• _Exercise_: Would you please copy all of the data exactly, skipping the images?

• _Material shown_:

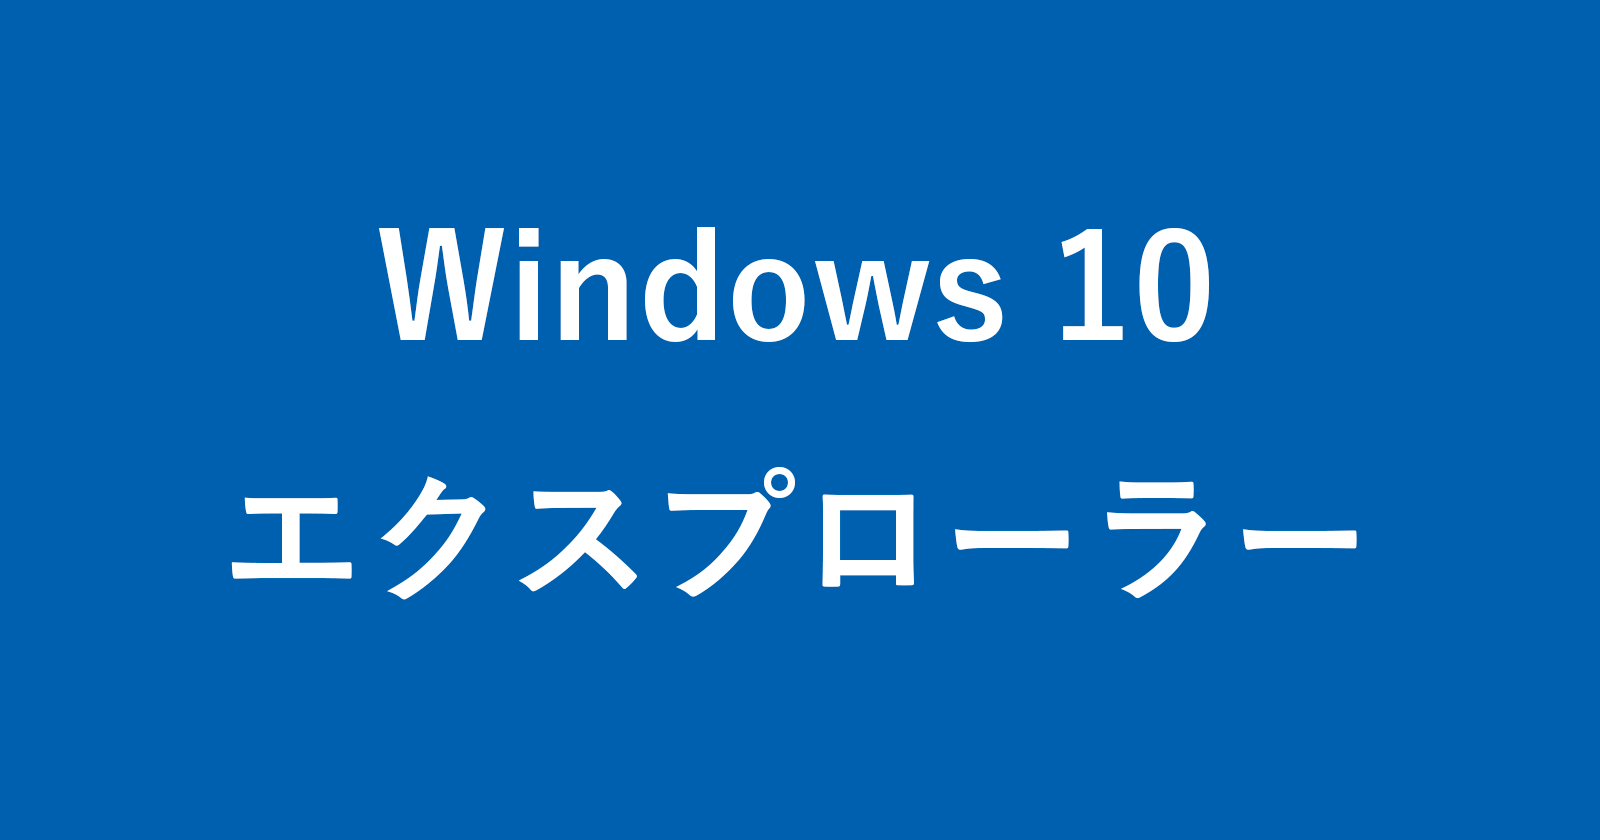 windows 10 explorer
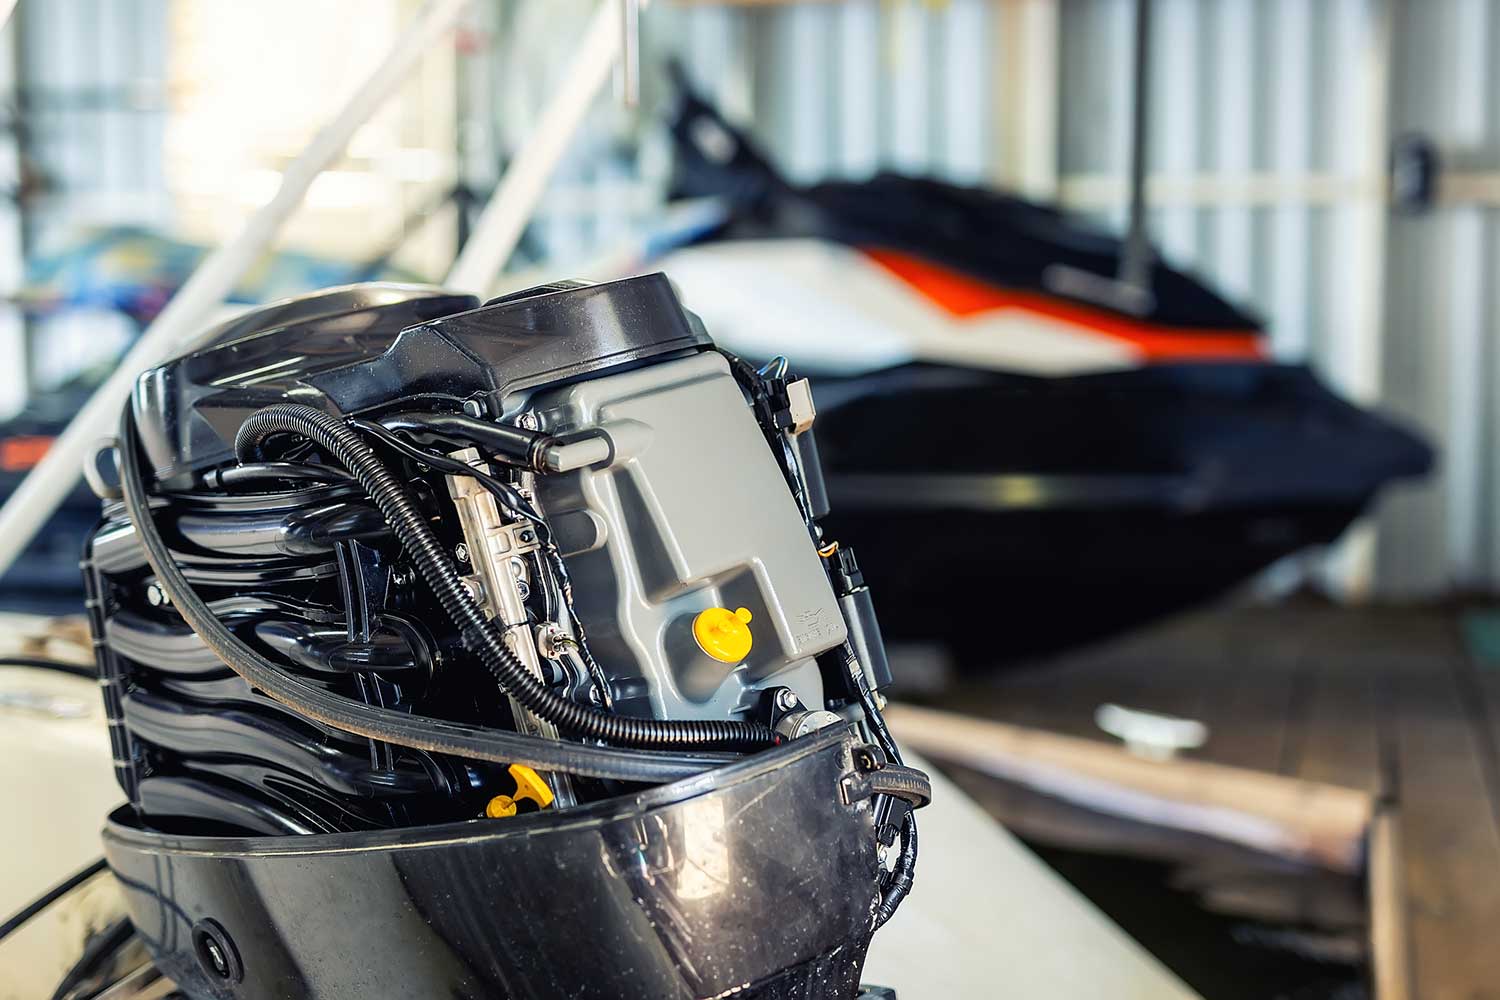 Repairing inflatable motorboat engine at boat garage
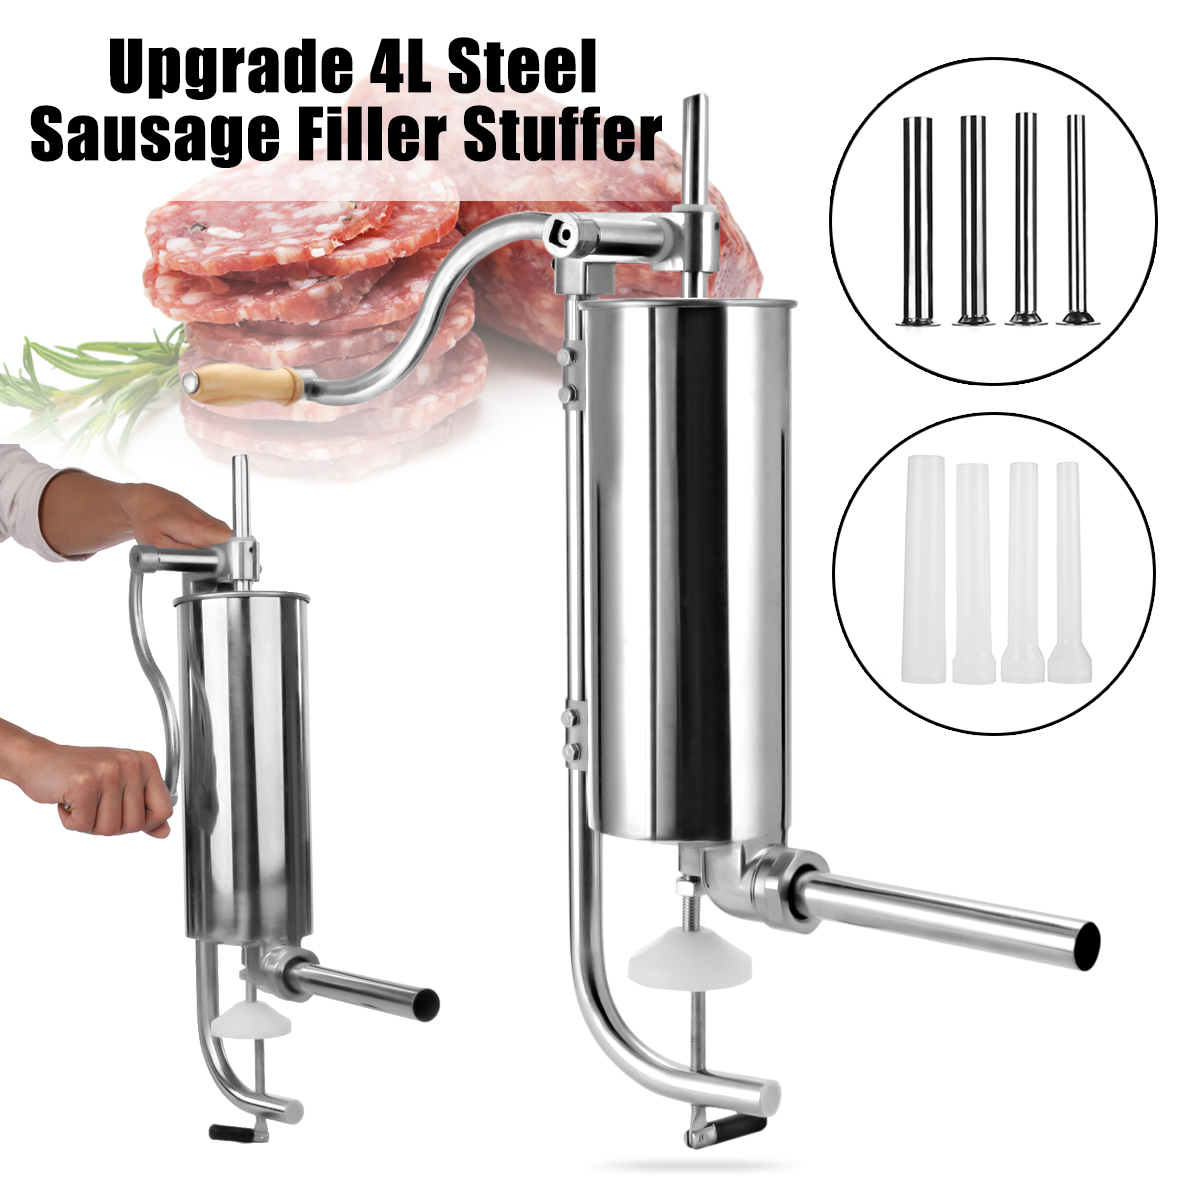 Upgrade-4L-304-Stainless-Steel-Sausage-Filler-Stuffer-Meatball-Maker-Vertical-Machine--8-Tube-1390546
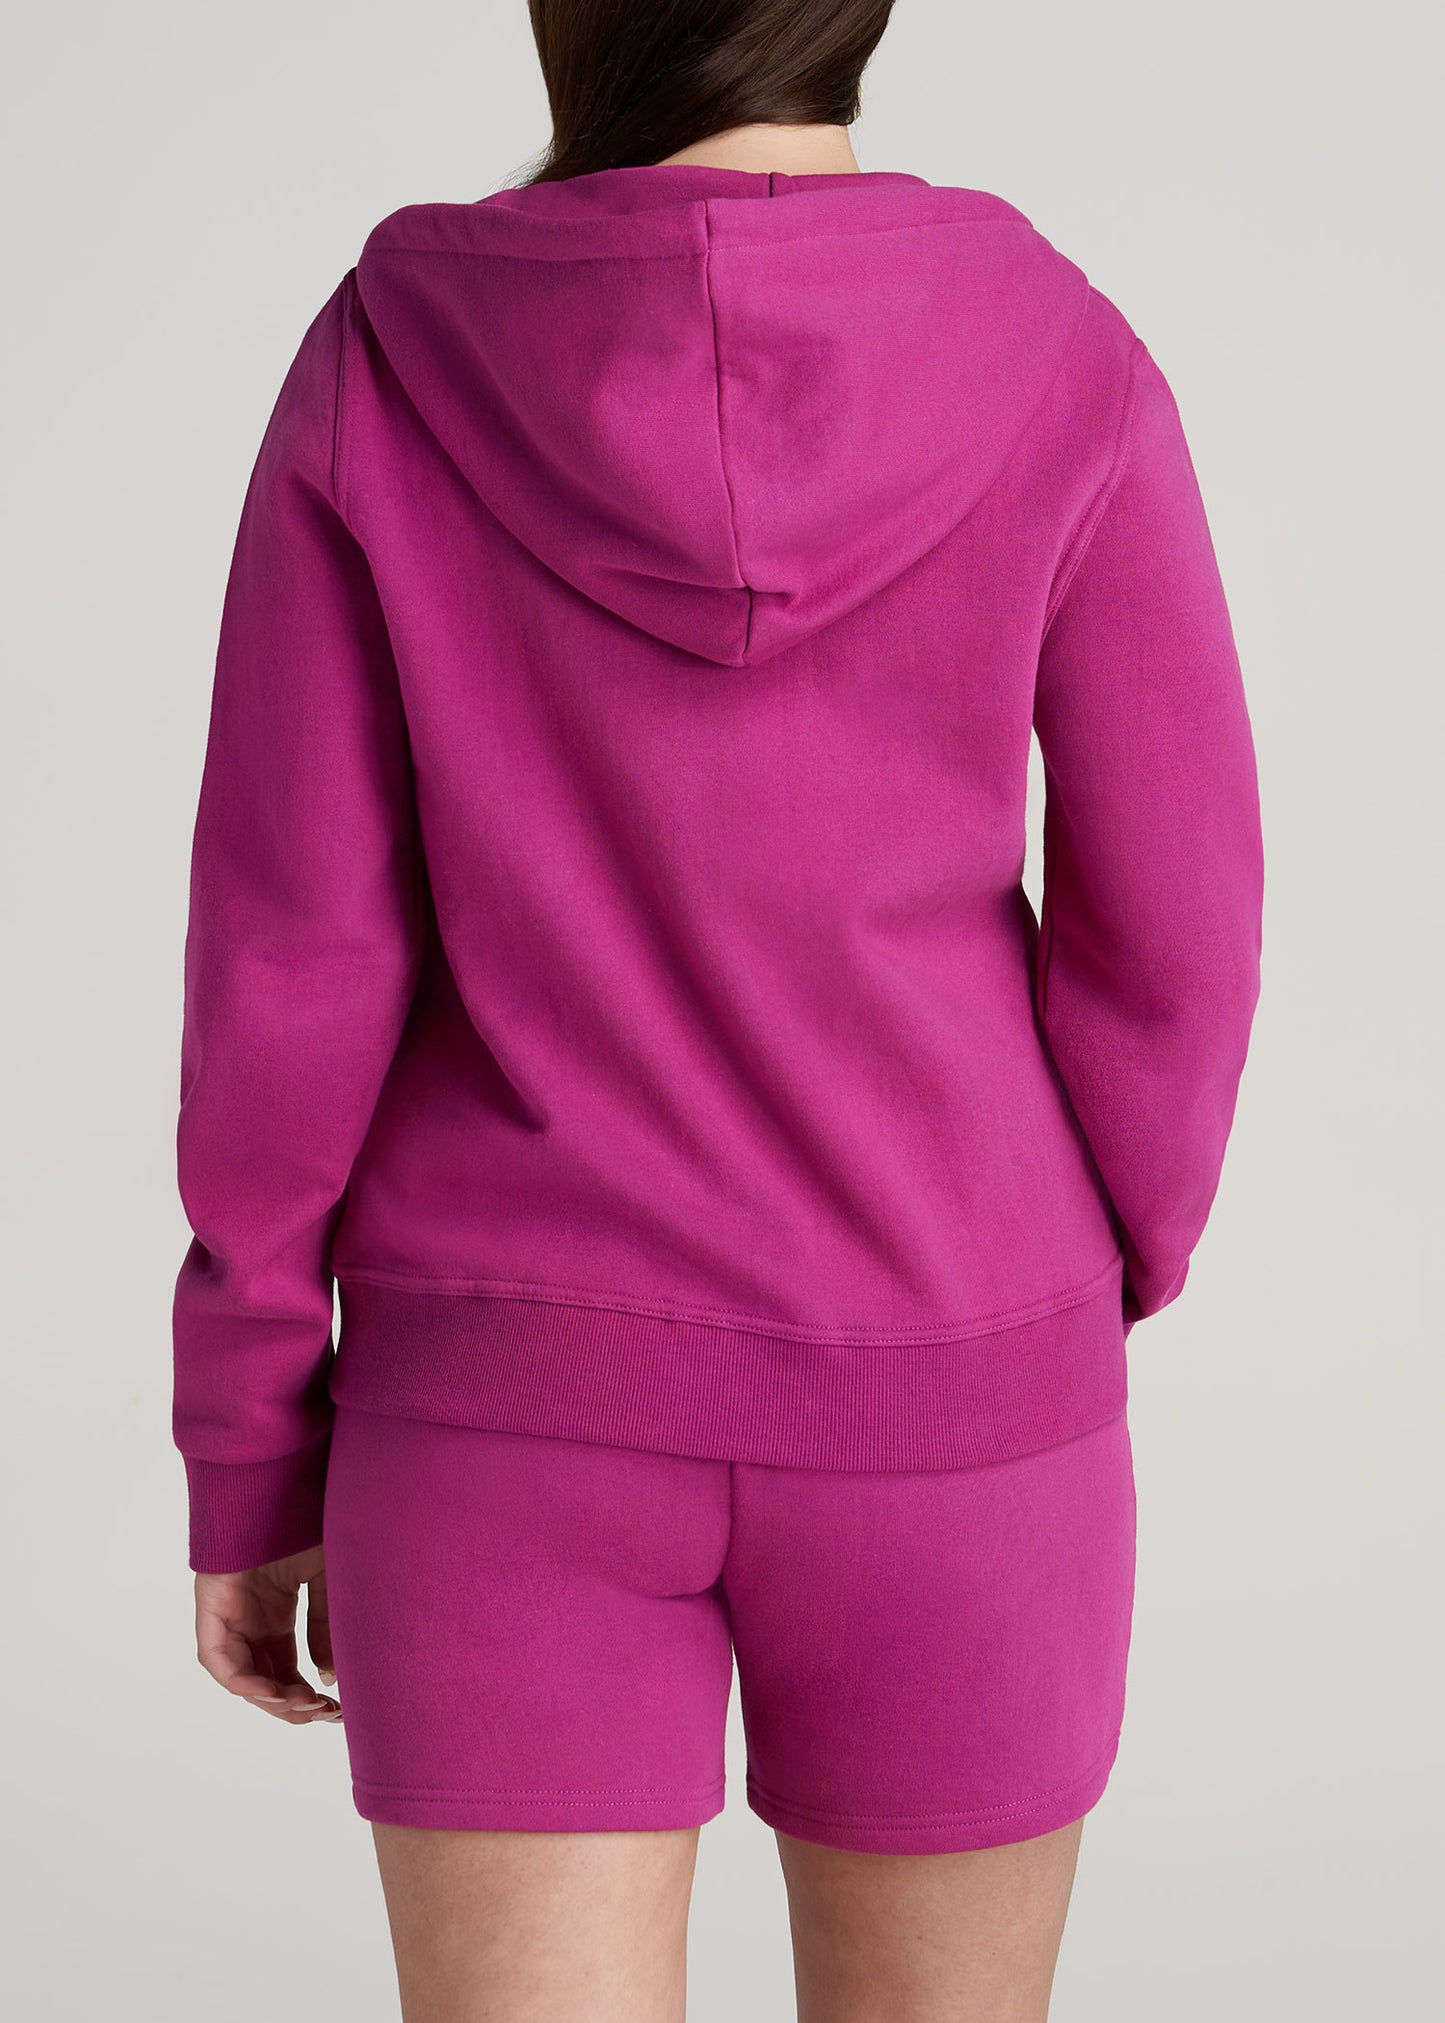 True Face Ladies Hoodie Zip Up Plain Womens Sweatshirt Fleece Full Zipper  Hooded Long Sleeve Zipped Top Hot Pink UK 8 : : Fashion
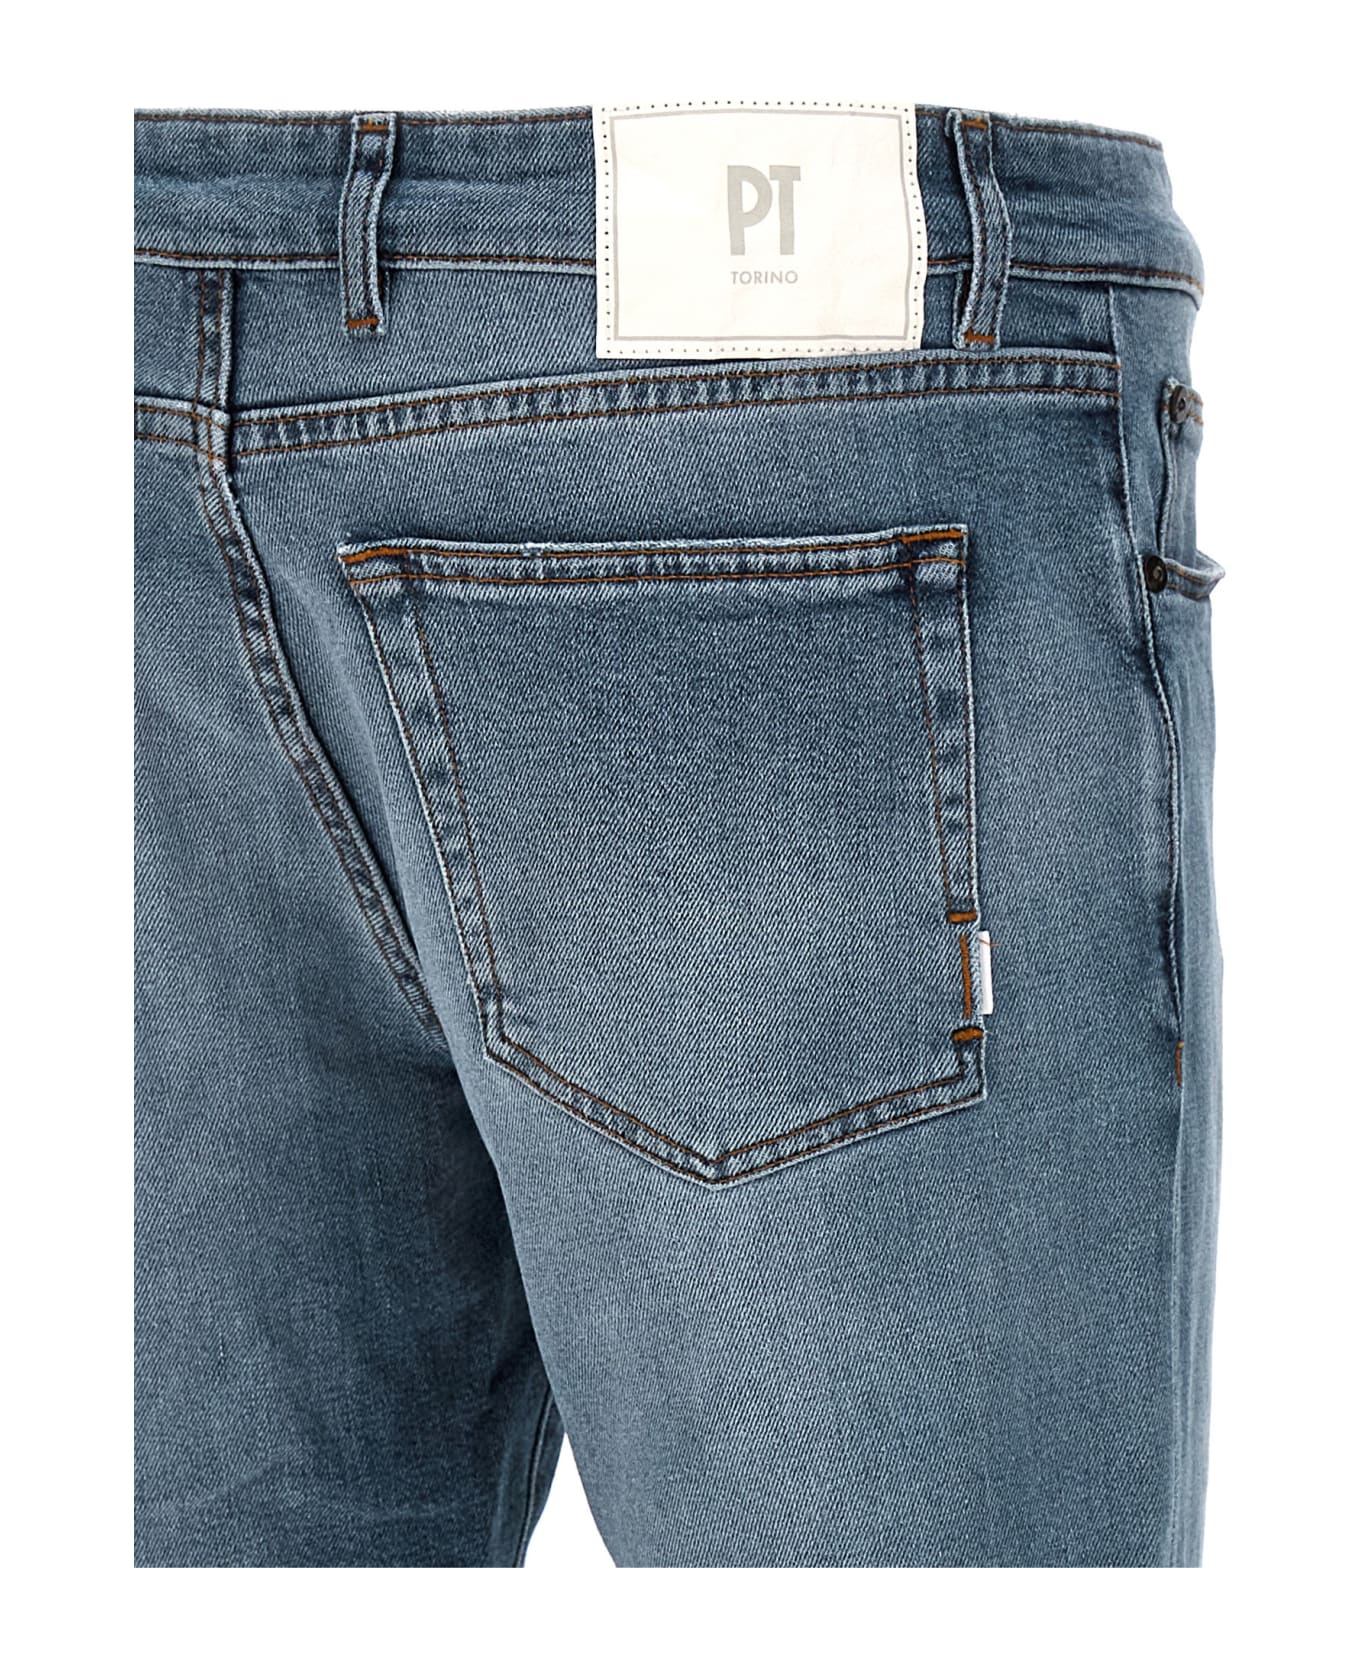 PT Torino 'swing' Jeans

• _Reply_:
 windows 10 explorer
 Repairing inflatable motorboat engine at boat garage
 Upgrade-4L-304-Stainless-Steel-Sausage-Filler-Stuffer-Meatball-Maker-Vertical-Machine--8-Tube-1390546
 True Face Ladies Hoodie Zip Up Plain Womens Sweatshirt Fleece Full Zipper  Hooded Long Sleeve Zipped Top Hot Pink UK 8 : : Fashion
 PT Torino 'swing' Jeans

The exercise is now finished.